GLOBUS - GLObal Biochemical reconstruction Using Sampling
[Vitkup Lab]   [GLOBUS]   [About GLOBUS]

The reconstruction of organism-specific metabolic networks is at the heart of systems biology. GLOBUS is a method for the probabilistic, genome-wide annotation of metabolic genes. All genes displaying sequence similarity to known enzymes are considered simultaneously. This makes it possible to calculate the probability for the association of every gene with a set of candidate functions given that all other genes can also be assigned to one or more possible activities. The method combines sequence similarity with gene-gene functional associations, these include phylogenetic correlations, chromosome gene clustering, and gene co-expression. These network context correlations provide crucial evidence to decide the correct function for genes with low sequence similarity to known enzymes.

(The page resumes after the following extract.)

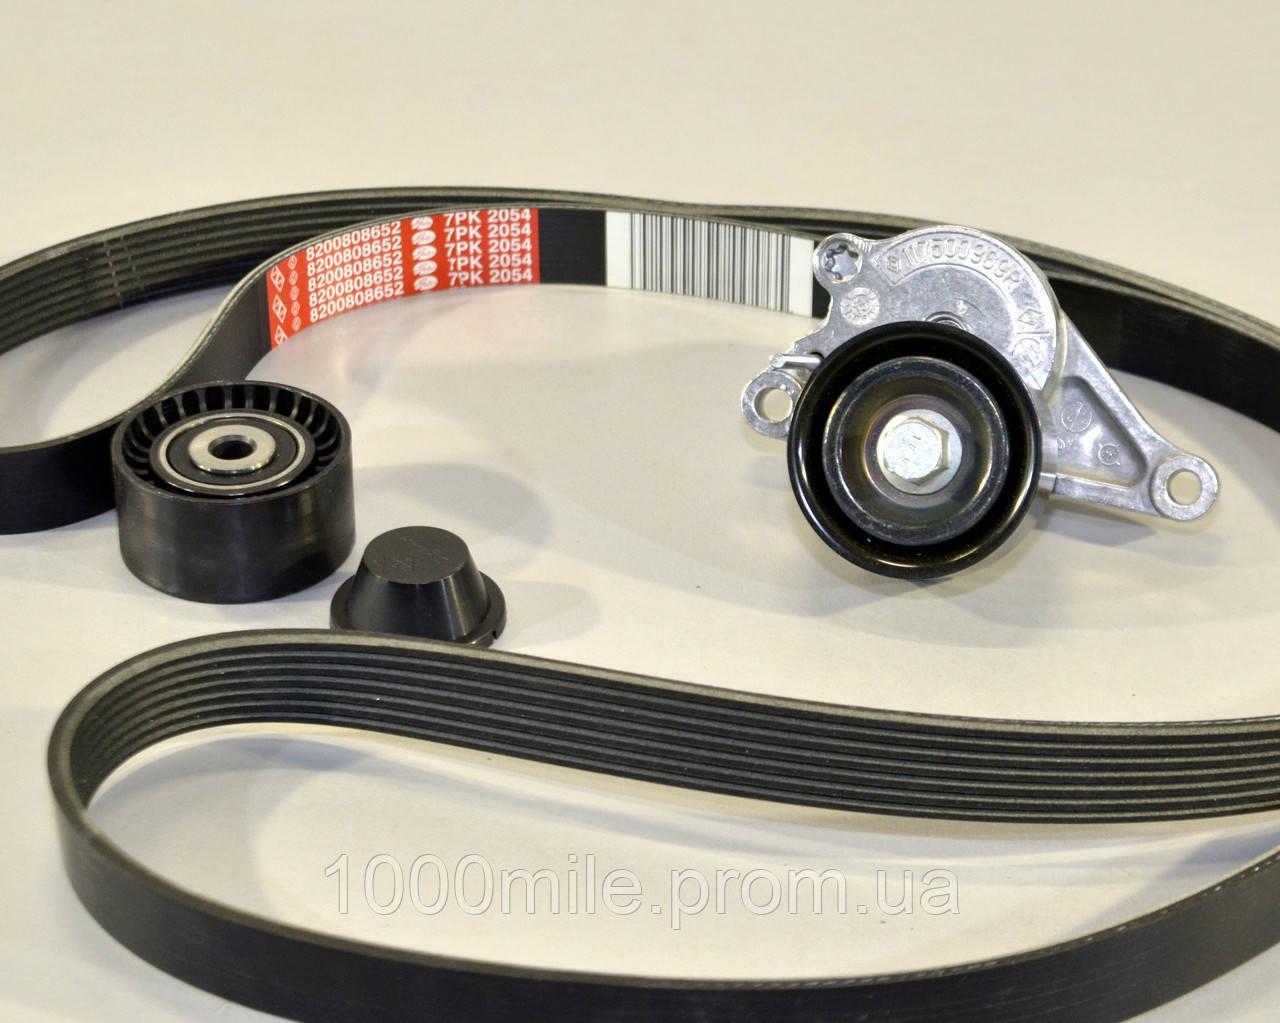 Комплект натяжитель + ролик + ремень на Renault Master III 2010-> 2.3dCi  — Renault (Оригинал) - 117207736R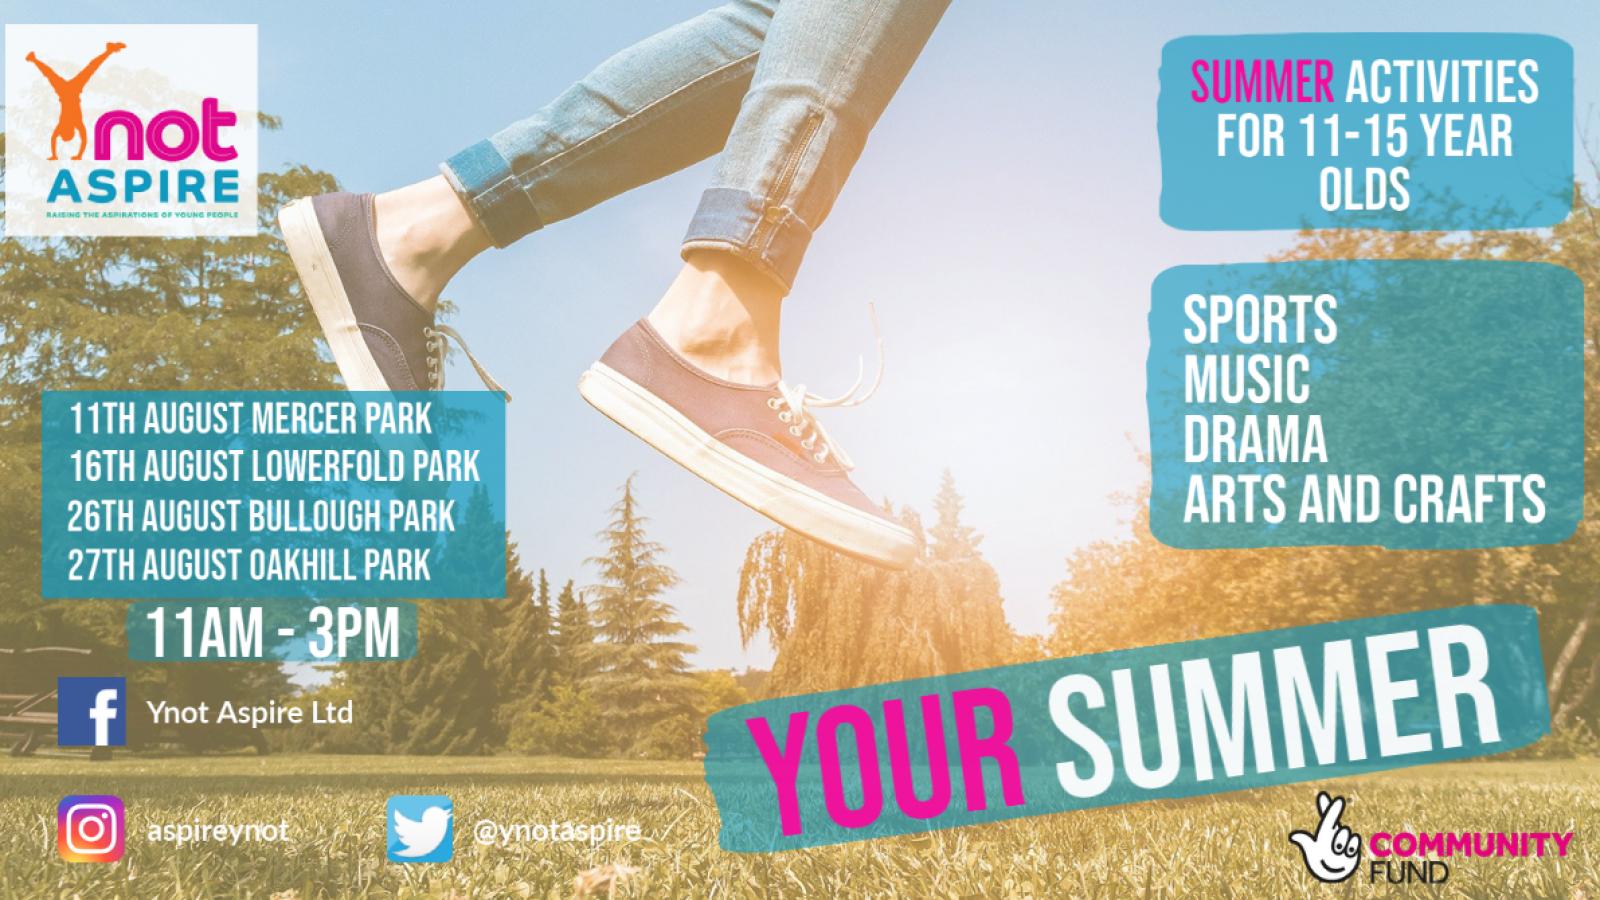 Summer activities poster

The conceptual outline of GLOBUS is shown in the figure below. First, we assemble a generic reaction network containing all metabolic activities characterized in the Enzyme Commission (EC) system (a). Based on sequence homology to well annotated enzymes, possible functions are identified for each gene (b); an initial network assignment is made by randomly selecting one such function for each gene. For every assignment of genes to functions in the generic reaction network we define a score; this score is higher if genes have good context correlations with their neighbors and high homology to their assigned locations (c). Based on this joint score, we use Gibbs sampling to derive the marginal probabilities of each gene at each of its candidate functions (d-f). As shown in the figure we pick genes one at a time; we then re-assign each gene to one of its candidate functions depending on the global score at each of these positions given the current location of all other genes. At each step, a gene has a higher probability to be assigned to the function where it has a higher combined score of sequence homology and context correlations. This procedure is repeated for a number if iterations until convergence to the desired marginal probabilities.